§ Extracted material:
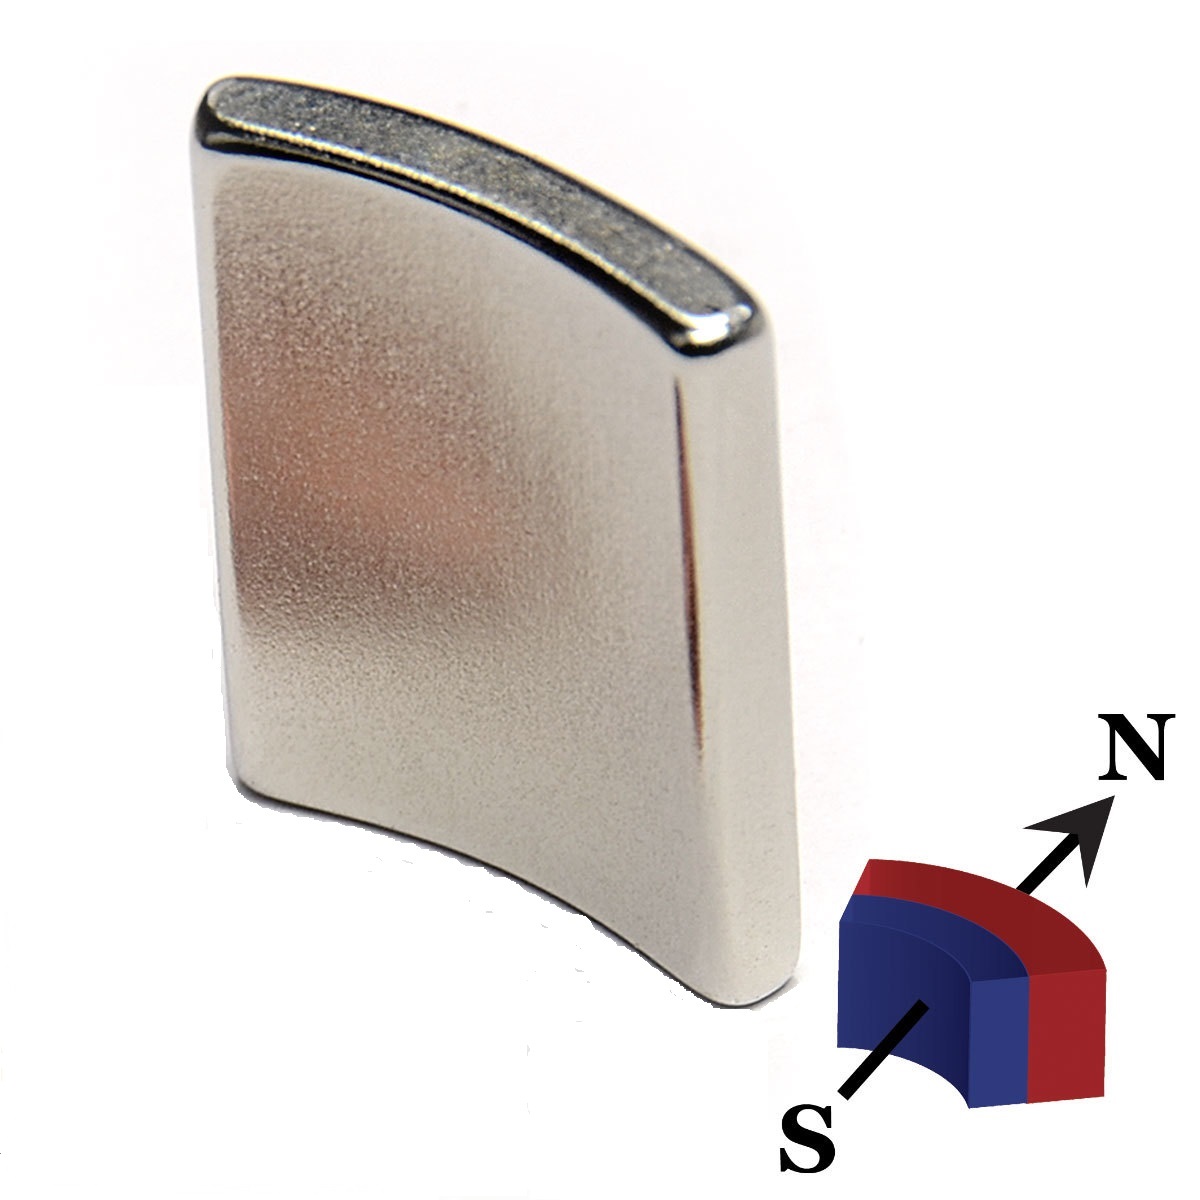 Neodym-Segment Magnete Arc Segment Magneten Magnet Bogen Magnet Motormagnet, Magnet, Magnete, Supermagnete
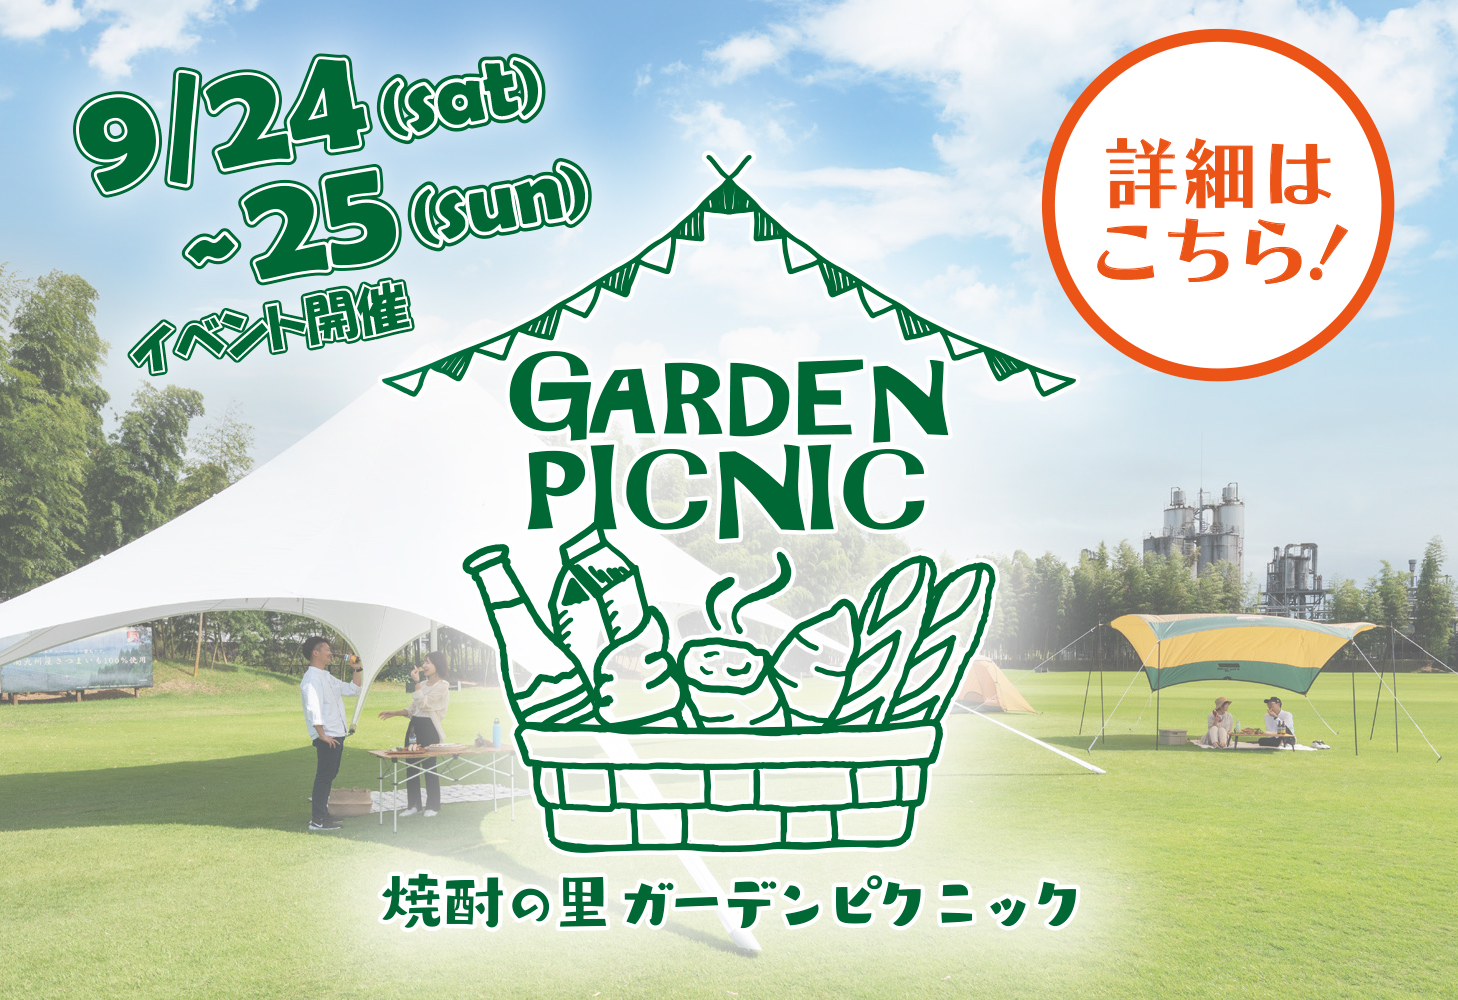 9/24(sat)〜25(sun) イベント開催 GARDEN PICNIC 焼酎の里 ガーデンピクニック 詳細はこちら！
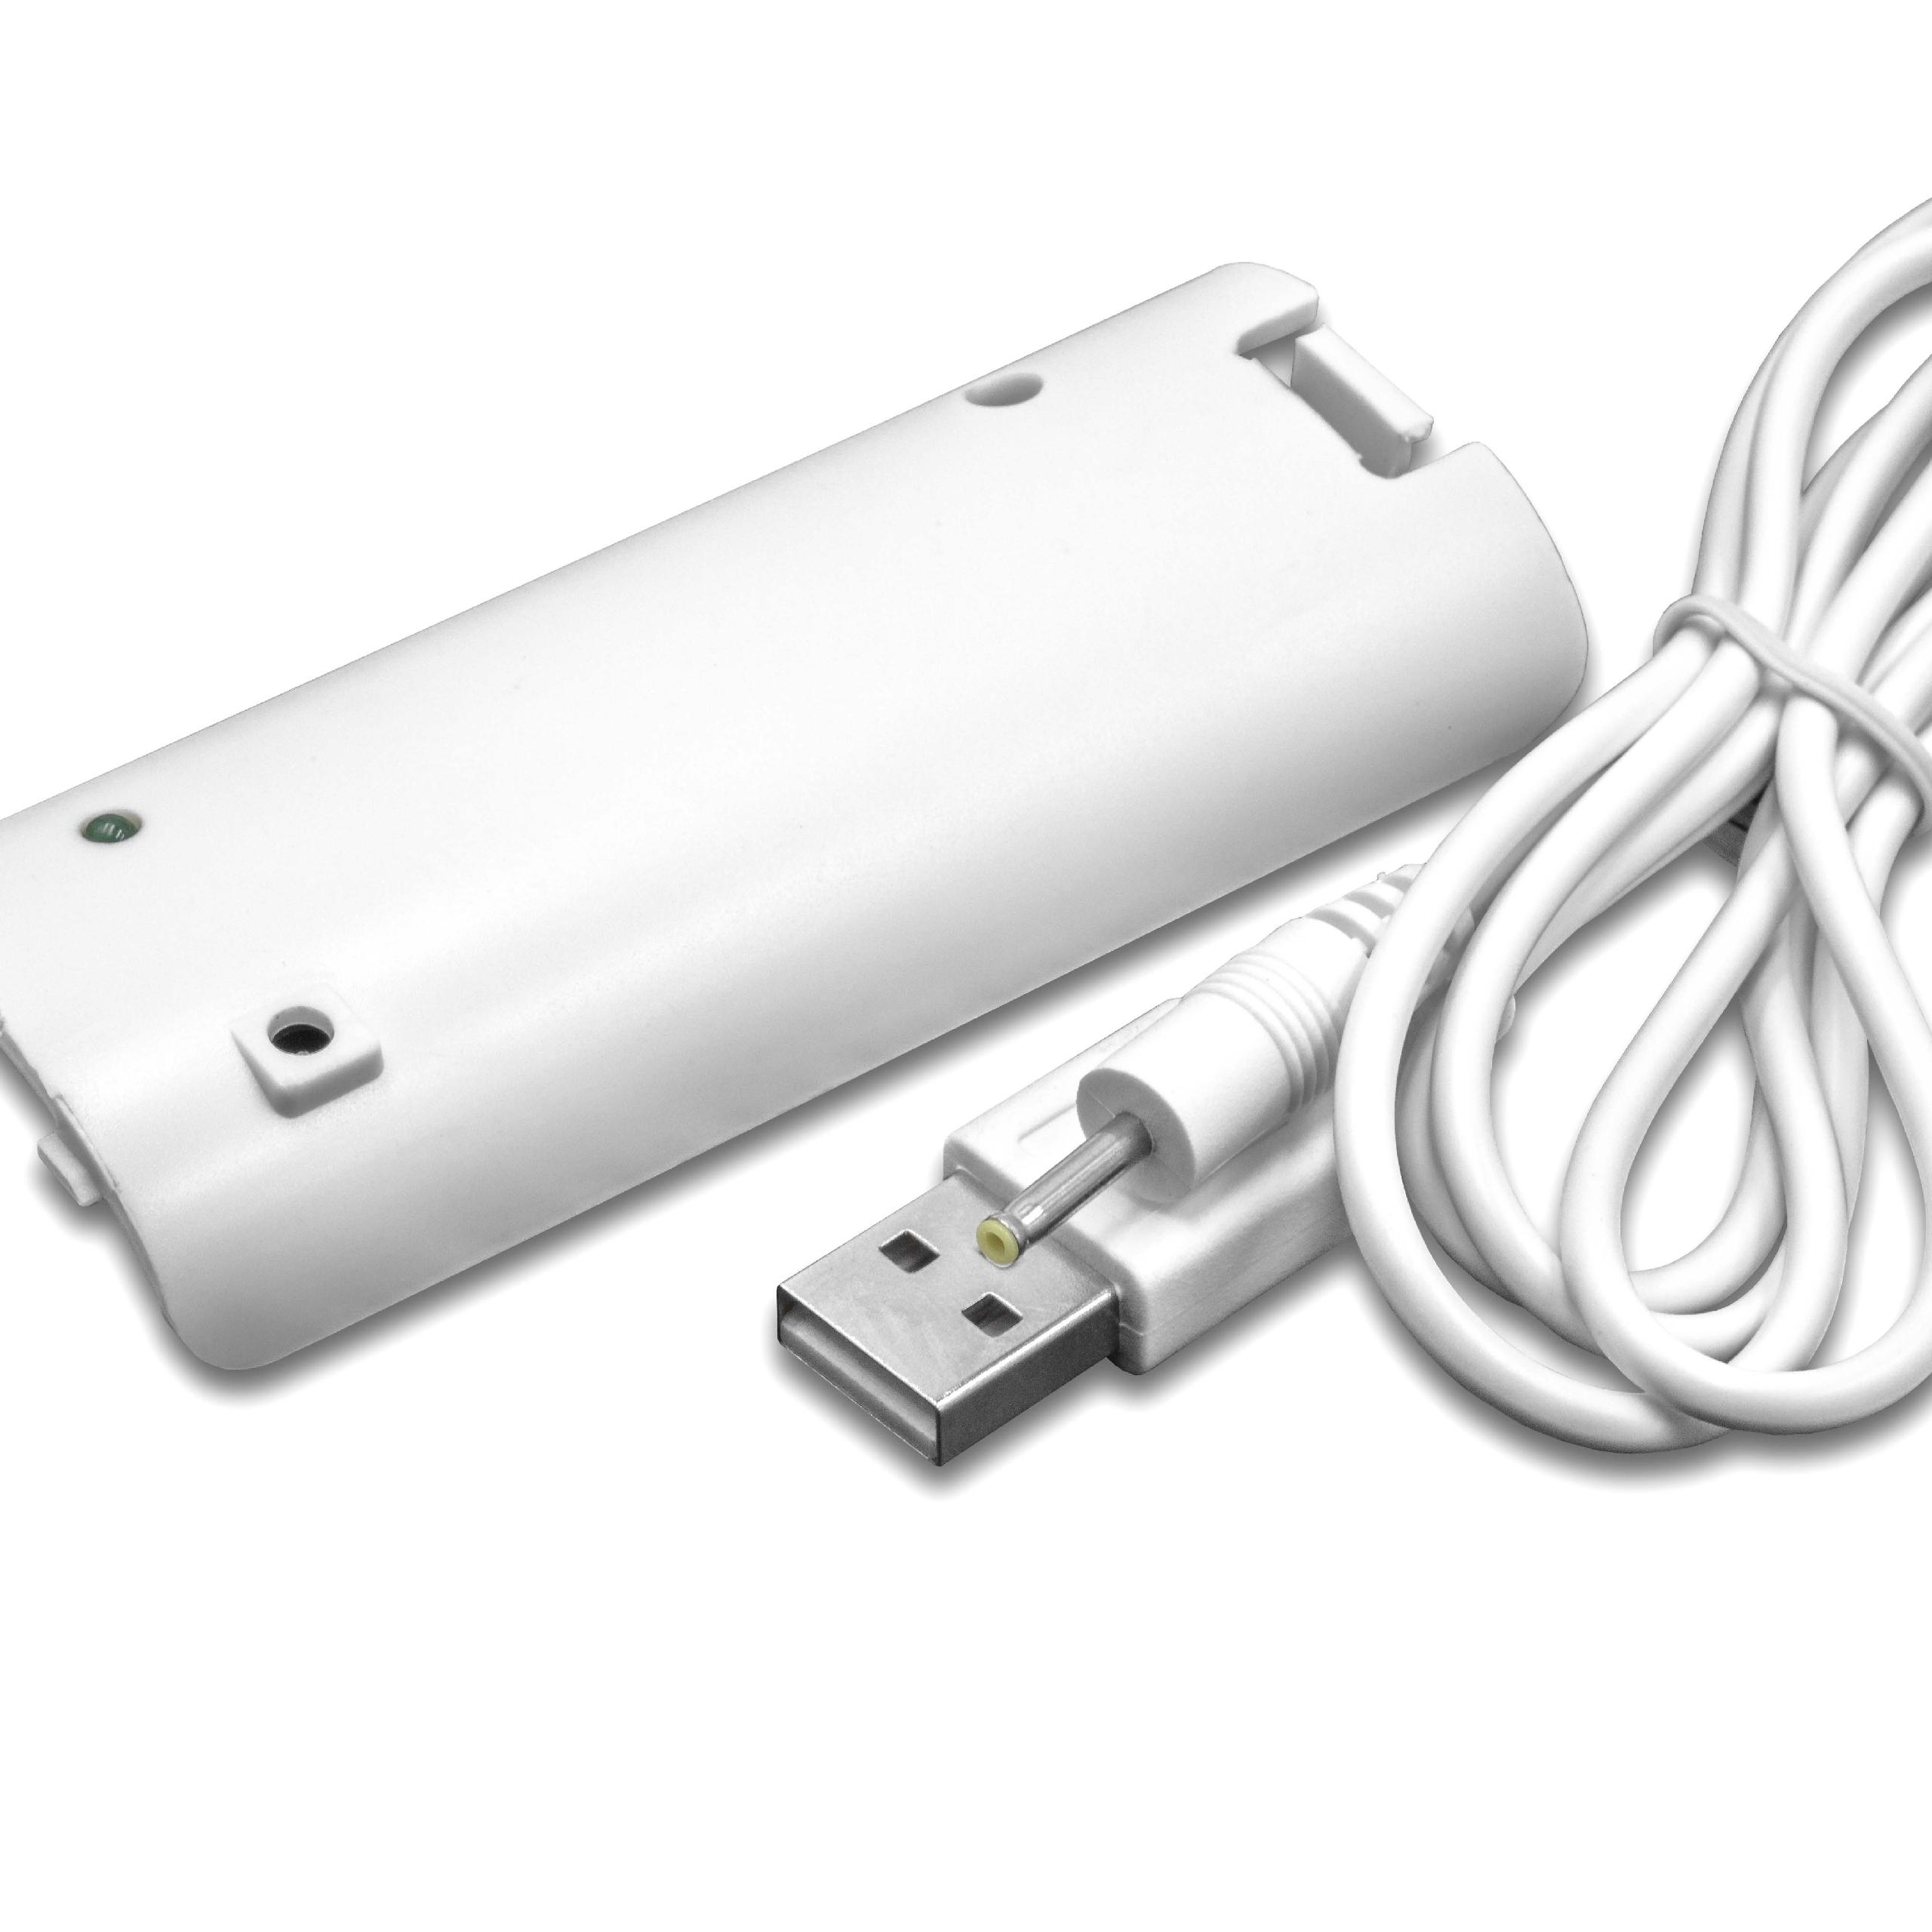 VHBW kompatibel mit Nintendo Wii Controller, 400 Akku Volt, Remote - Plus NiMH 2.4 Spielekonsole
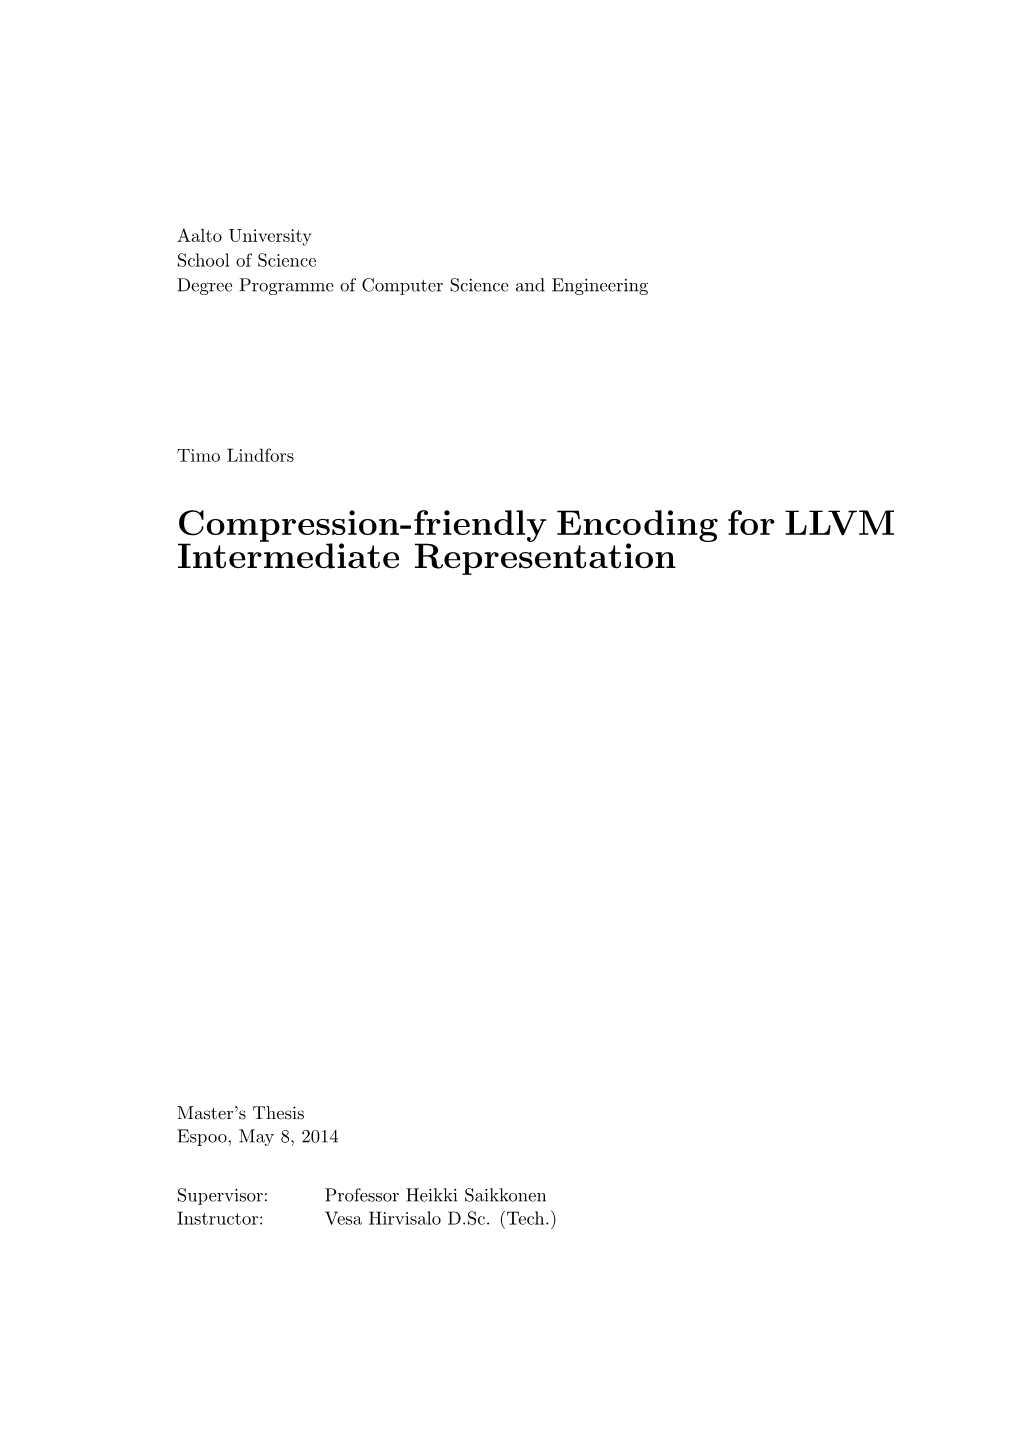 Compression-Friendly Encoding for LLVM Intermediate Representation
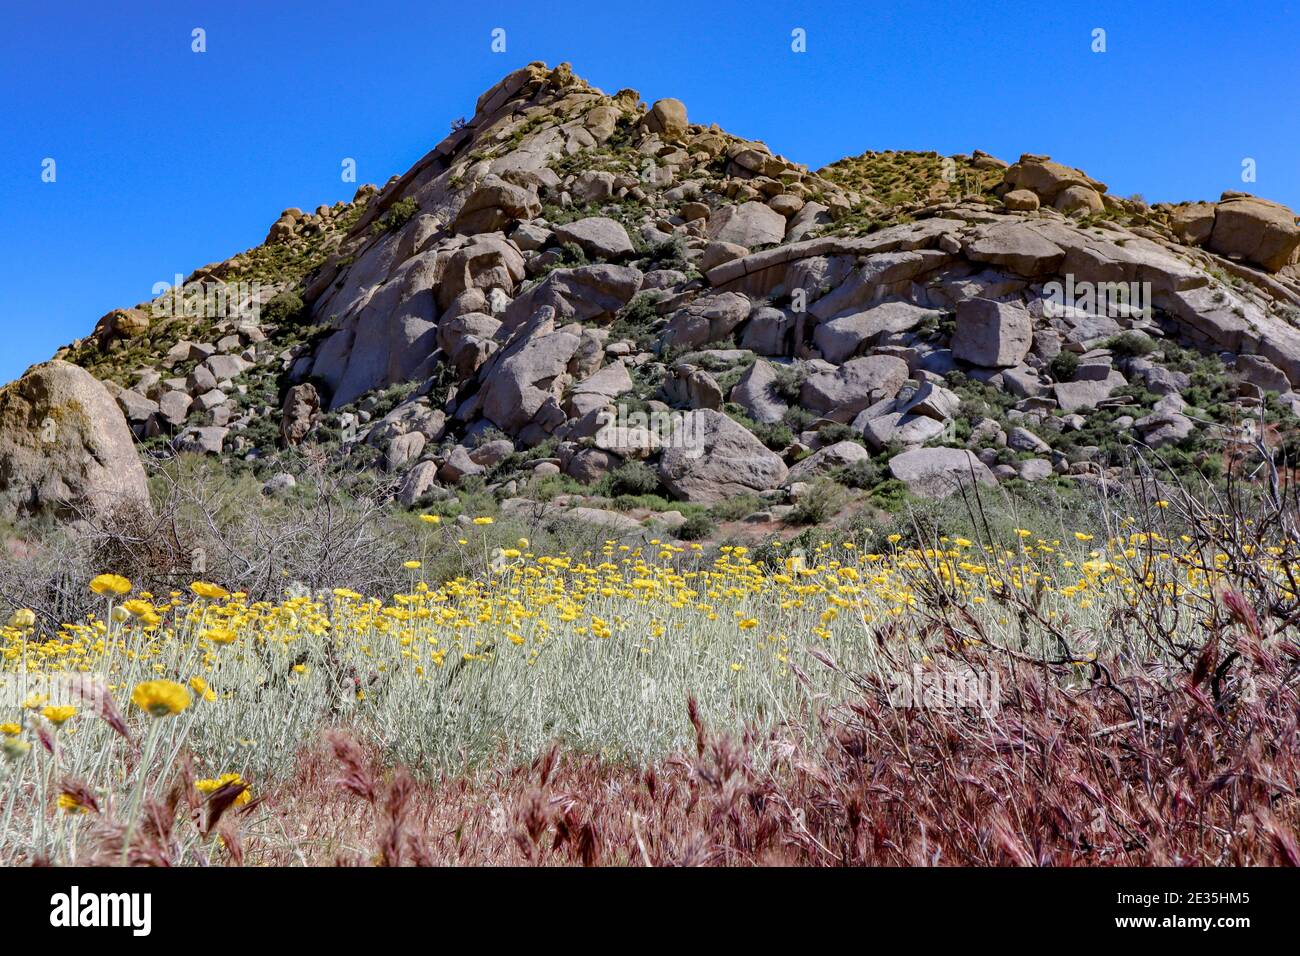 Phoenix Desert Scene With Blooming Flowers Stock Photo

§ Work order:
Starting at the line that holds "VHBW kompatibel mit" and stopping at the last line of the listing above, write out each line exactly as it appears, and omit the pictures.

§ Written solution:
 VHBW kompatibel mit Nintendo Wii Controller, 400 Akku Volt, Remote - Plus NiMH 2.4 Spielekonsole
 Compression-Friendly Encoding for LLVM Intermediate Representation
 Phoenix Desert Scene With Blooming Flowers Stock Photo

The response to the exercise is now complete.